~/blog/terraform-vs-terragrunt-at-scale

Terraform and Terragrunt: Why We Added Terragrunt at Scale

8 min read

Introduction

Terraform was not the thing that failed. Our repository did.

By the time we had more than 50 environments and more than 100 services, Terraform was mostly doing what it was asked to do. The problem was what we kept asking of it: duplicate backend blocks, copy-pasted module wiring, inconsistent environment inputs, and root modules that carried more responsibility than anyone wanted to review.

That is the useful way to frame Terraform and Terragrunt in 2025.

It was never really Terraform versus Terragrunt for us. That framing is tidy, but wrong. Terragrunt did not replace Terraform. Terraform still planned and applied the resources. Terragrunt gave us a way to organise the work so every new service did not start with another round of paste, edit, squint, and hope.

If you have a small estate with a few modules and a small number of environments, plain Terraform is probably fine. Adding Terragrunt there can be ceremony in search of a problem.

If you run a shared platform across many teams, environments, and service shapes, the question changes. It becomes: how do we keep Terraform units small, repeat the right conventions, and avoid one giant root module that nobody wants to touch on ?

That was the trade-off. We accepted another layer because the layer removed a worse one: hidden operational complexity spread across the repo.

What Actually Hurt

Writing Terraform was not the painful part. Operating a growing Terraform repo without enough boundaries was.

Before Terragrunt, our layout looked roughly like this:

infrastructure/
├── dev/
│   └── gke/
│       ├── main.tf
│       ├── variables.tf
│       └── backend.tf
├── staging/
│   └── gke/
│       ├── main.tf
│       └── backend.tf
└── prod/
    └── gke/
        ├── main.tf
        └── backend.tf
infrastructure/
├── dev/
│   └── gke/
│       ├── main.tf
│       ├── variables.tf
│       └── backend.tf
├── staging/
│   └── gke/
│       ├── main.tf
│       └── backend.tf
└── prod/
    └── gke/
        ├── main.tf
        └── backend.tf

This layout looks harmless when there are three folders. It becomes expensive when the pattern is copied across dozens of environments and services.

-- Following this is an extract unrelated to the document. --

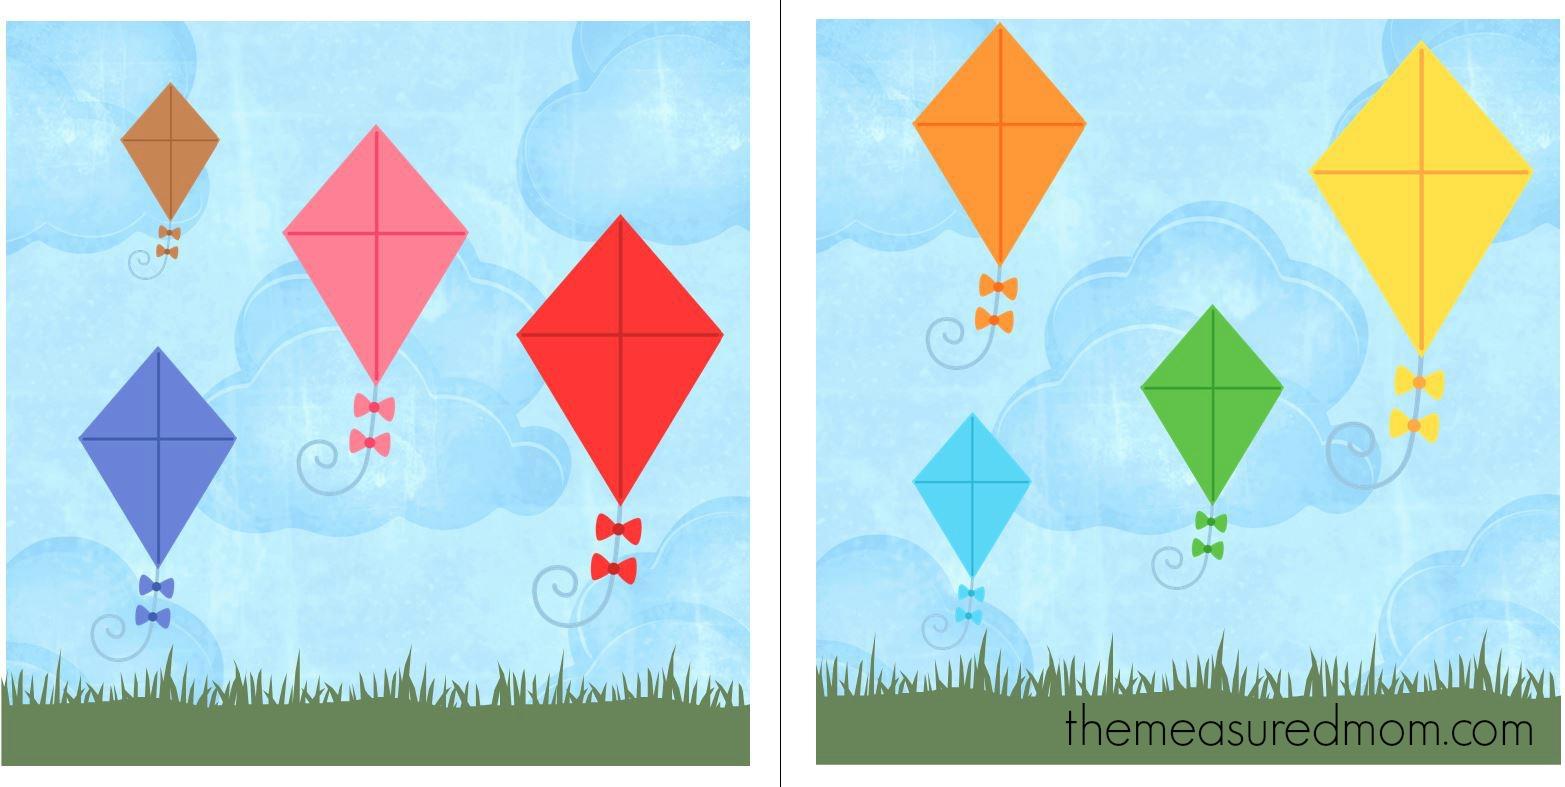 Free File Folder Game For Preschoolers: Kites! - The Measured Mom - Free Printable File Folder Games For Preschool
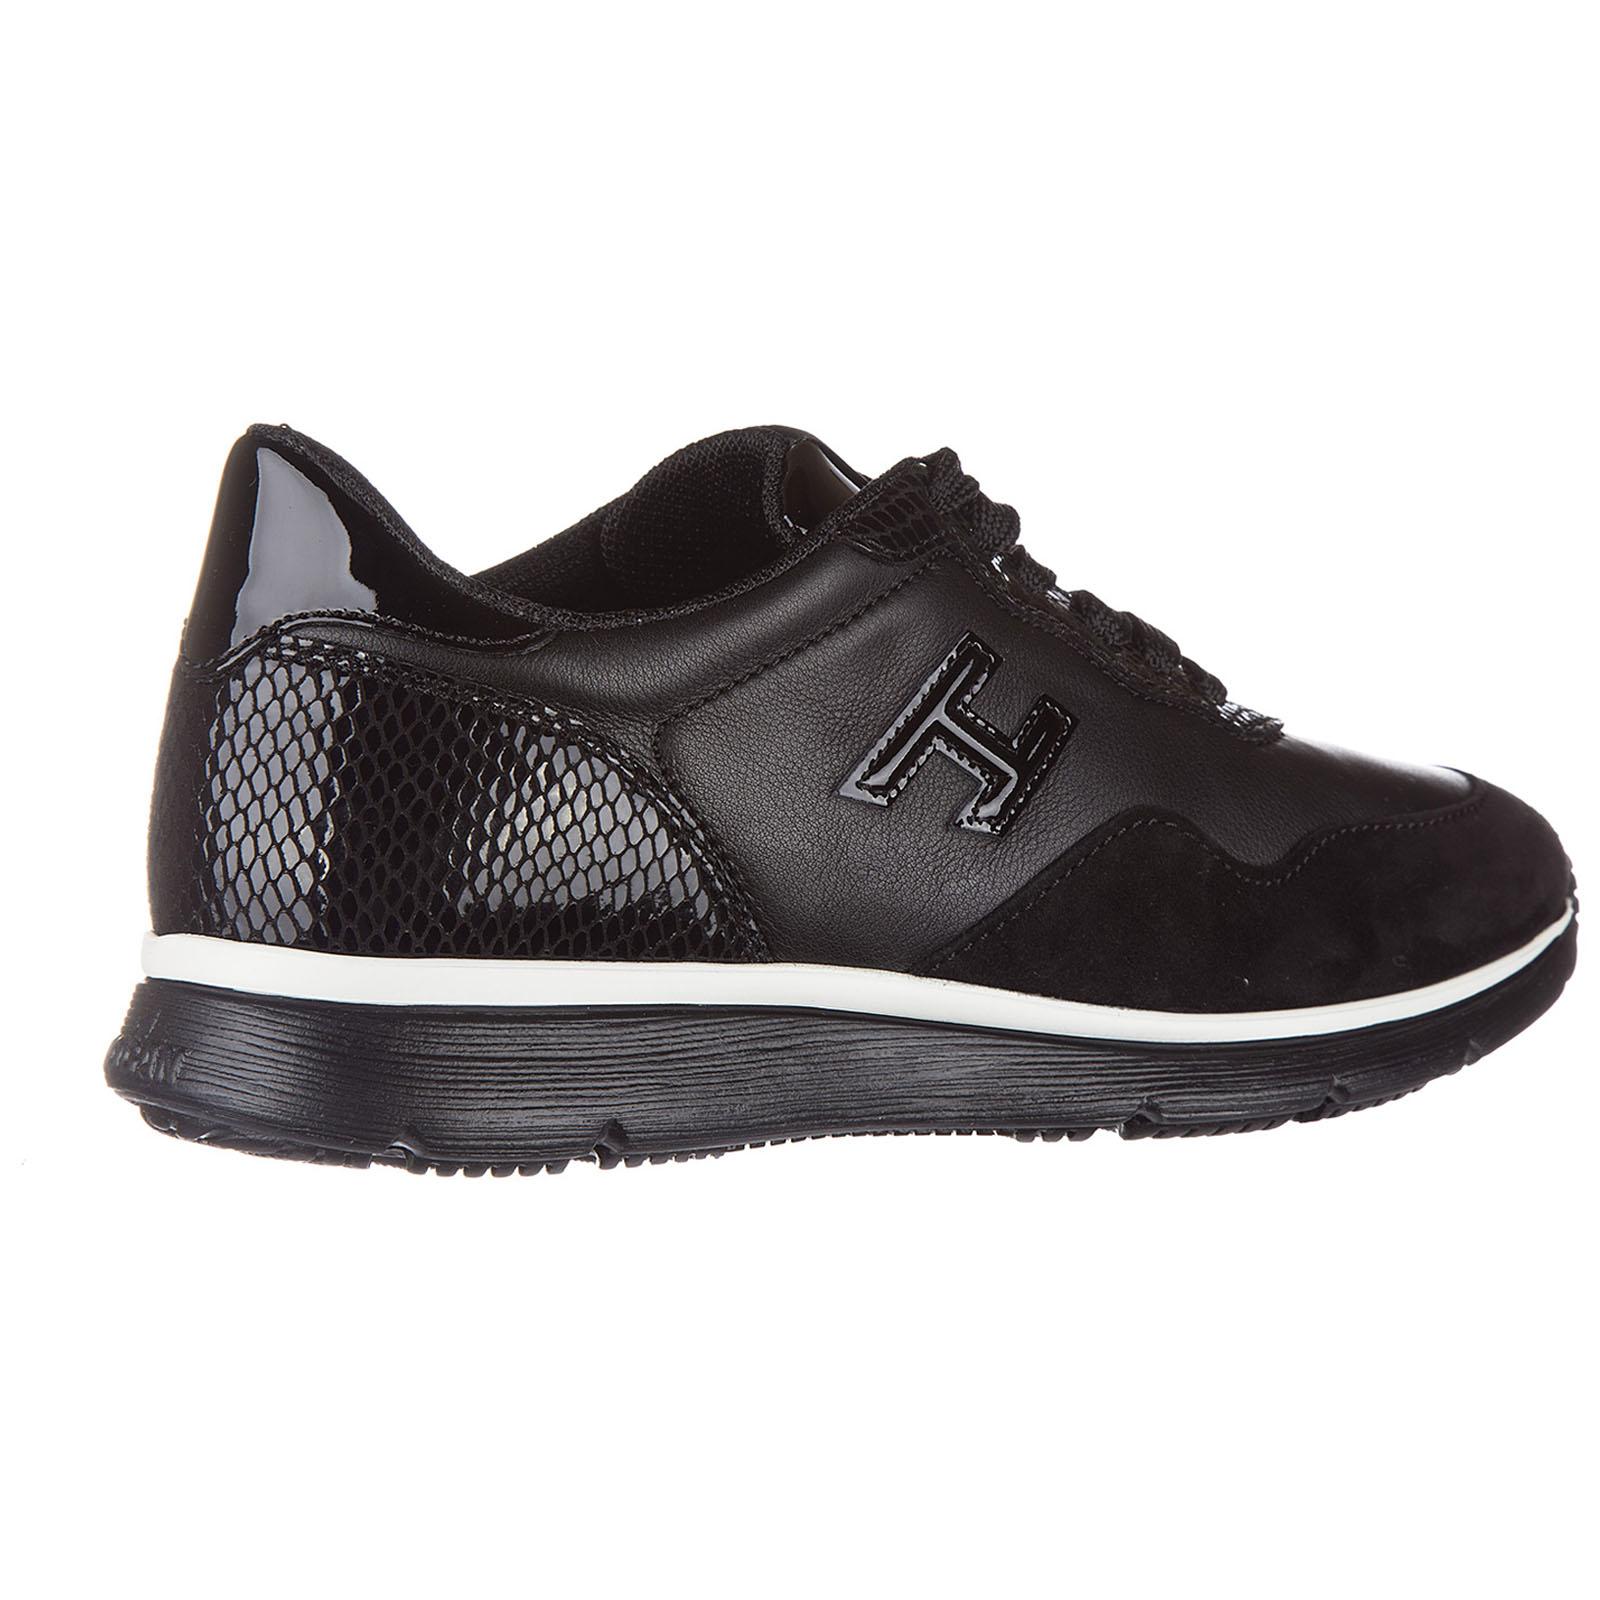 ... Scarpe sneakers donna in pelle h254 traditional 2015 ... 39090511f8e

Repeated backend configuration

Every environment had its own backend configuration. Most of it was identical. The state path changed, maybe the bucket or prefix changed, but the shape was the same.

That is tolerable at small scale. At 50 environments, it turns into bookkeeping. Rename a bucket, change a prefix convention, or split state differently, and the work is not intellectually hard. It is just the kind of dull edit that causes production incidents because the tenth file looks exactly like the ninth.

Repeated module wiring

Spinning up a standard service stack should have meant choosing the module version and passing the environment-specific inputs.

Too often, it meant copying a large module block, changing a few values, and hoping the old provider settings, module version, tags, or naming convention were still correct.

This is where infrastructure as code becomes a bit ridiculous. The syntax is declarative, but the workflow is manual. You end up managing infrastructure with find and replace.

Too much blast radius

The real cost of repetition is not that the repo looks messy. The cost is that small changes become hard to reason about.

Reviewers stop reading repeated blocks carefully. Plans include unrelated noise. Engineers become conservative around routine changes because they cannot tell which part of the repo is actually in play.

When your team starts treating routine changes as high-risk events, that is the signal. The tooling has stopped giving you useful boundaries.

What Terragrunt Changed

Terragrunt made sense because it addressed the boring parts around Terraform. Those boring parts were exactly where our risk lived.

The useful changes were:

  1. We could define common configuration once and inherit it.
  2. We could keep environment specific files focused on inputs and intent.
  3. We could split infrastructure into smaller units with clearer state boundaries.
  4. We could model dependencies between units without building one giant root module.

None of those features is magic on its own. Together, they changed the default shape of the repo.

One place for shared configuration

We moved shared backend configuration into a root terragrunt.hcl and let child units inherit it:

remote_state {
  backend = "gcs"
  config = {
    bucket = "my-terraform-state"
    prefix = "${path_relative_to_include()}/terraform.tfstate"
  }
}
remote_state {
  backend = "gcs"
  config = {
    bucket = "my-terraform-state"
    prefix = "${path_relative_to_include()}/terraform.tfstate"
  }
}

The backend is not the interesting part here. The convention is.

Instead of repeating backend shape everywhere, we made it a platform default. A new unit inherited the boring pieces and only had to declare what was different.

Environment files became smaller and more honest

Instead of full Terraform entrypoints in every folder, we ended up with smaller terragrunt.hcl files that mostly expressed intent:

include {
  path = find_in_parent_folders()
}
 
terraform {
  source = "git::git@github.com:my-org/infra-modules.git//gke-cluster?ref=v1.2.0"
}
 
inputs = {
  environment = "dev"
  node_count  = 1
}
include {
  path = find_in_parent_folders()
}
 
terraform {
  source = "git::git@github.com:my-org/infra-modules.git//gke-cluster?ref=v1.2.0"
}
 
inputs = {
  environment = "dev"
  node_count  = 1
}

That is a cleaner boundary.

The environment file no longer pretends to be the implementation. It points at the implementation and declares the local choices: environment name, sizing, feature flags, dependency outputs, and whatever else genuinely differs.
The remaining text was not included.